In the above light, Italy may have the best view of things: Italy simply refuses to participate!


*Eurovision is a canned show, labelled "song contest", with one rep per participating country. It encompasses European countries as well as Middle East, at present. The list of participant countries may expand further in the future, who knows.

Tuesday, 20 May 2008

Mom's e-market value: porn is the best business

Well, we all suspected as much. And it can be thinly disguised as erotic art. It can genuinely be erotic and artistic - sometimes.

But just how good business it actually is, seems to be anybody's guess.
Well, here is someone's guess:
$ +130 billion, or... € +100 billion!
How much of that is internet? I really do not know.
Another guess-ti-rumour has it that General Motors has more revenue through its entertainment investments than the better-known automotive interests... while this seems unlikely, it nevertheless offers an
interesting sideline to the matter.

All sorts of interesting sites with experiments /projects have virtually surfaced; some purport to be amateur-run (but requiring paid subscription). Others are real projects uniting people who are trying to combat the fetishistic attitude and the voyeurism that makes glamour porn as big as it is boring.

On the other hand, it seems that the Internet has also brought together people of unconventional and politically incorrect persuasions (see opposite).

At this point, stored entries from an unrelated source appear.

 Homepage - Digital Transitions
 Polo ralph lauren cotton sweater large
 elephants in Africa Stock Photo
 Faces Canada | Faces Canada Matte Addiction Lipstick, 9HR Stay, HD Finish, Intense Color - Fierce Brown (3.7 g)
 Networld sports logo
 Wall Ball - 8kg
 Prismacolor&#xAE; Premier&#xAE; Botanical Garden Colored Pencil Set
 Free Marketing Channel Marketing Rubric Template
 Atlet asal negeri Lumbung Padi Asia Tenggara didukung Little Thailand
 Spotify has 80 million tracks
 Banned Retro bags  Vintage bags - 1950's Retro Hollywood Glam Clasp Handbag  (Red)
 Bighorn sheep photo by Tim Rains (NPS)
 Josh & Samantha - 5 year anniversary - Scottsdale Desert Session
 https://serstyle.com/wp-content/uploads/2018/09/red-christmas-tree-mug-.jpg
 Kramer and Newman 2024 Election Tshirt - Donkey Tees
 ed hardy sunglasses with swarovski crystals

Interestingly enough, people who probably thought they belonged to a deviant category and shunned from revealing their fantasies even to a psychiatrist, now find their virtual brethren...

So, whether it is for the love or for the money -- or both -- the Internet erotics & porn has done a lot to bring people together! No?
Shall we, all together now: two cheers for pornography!



Tuesday, 13 May 2008

Couldn't we "liberate" them, instead? 100.000 dead in Myanmar

and more than 2 million living in appalling conditions even by television standards, which makes it horrible indeed.

But "logistical bottlenecks" are slowing down the distribution of aid... whatever part of that aid is destined for its original recipients, that is. And in the face of this, the local regime does not look kindly upon "foreign goody-goody do-gooders", while more people are poised to, just to drive the message home, to die, to croak, to kick the bucket. AND THEY ARE NOT ALLOWING ANY AID to GO IN (but a trickle).

How affirmative and assertive of them. How good for us, to be so far away from all the fracas, too!

Since the Myanmar junta we once liked is not dancing to our tune any more and I think we don't like therefore and since, by the time I finish writing this, a few more people will have died and a few more body-masters will have set up shop to soon start shipping boatloads of refugees... couldn't we save them, in a jiffy???

I.e. instead of sending help to buy our sleep, why not invade the place instead and thereby liberate them.

We are saving Iraq et alia in this way, and they did not even have a cyclone.

In the old times, the Soviets entered a country and saved and liberated its inhabitants. Now that they gave up on such charity, it is up to the West to do the job.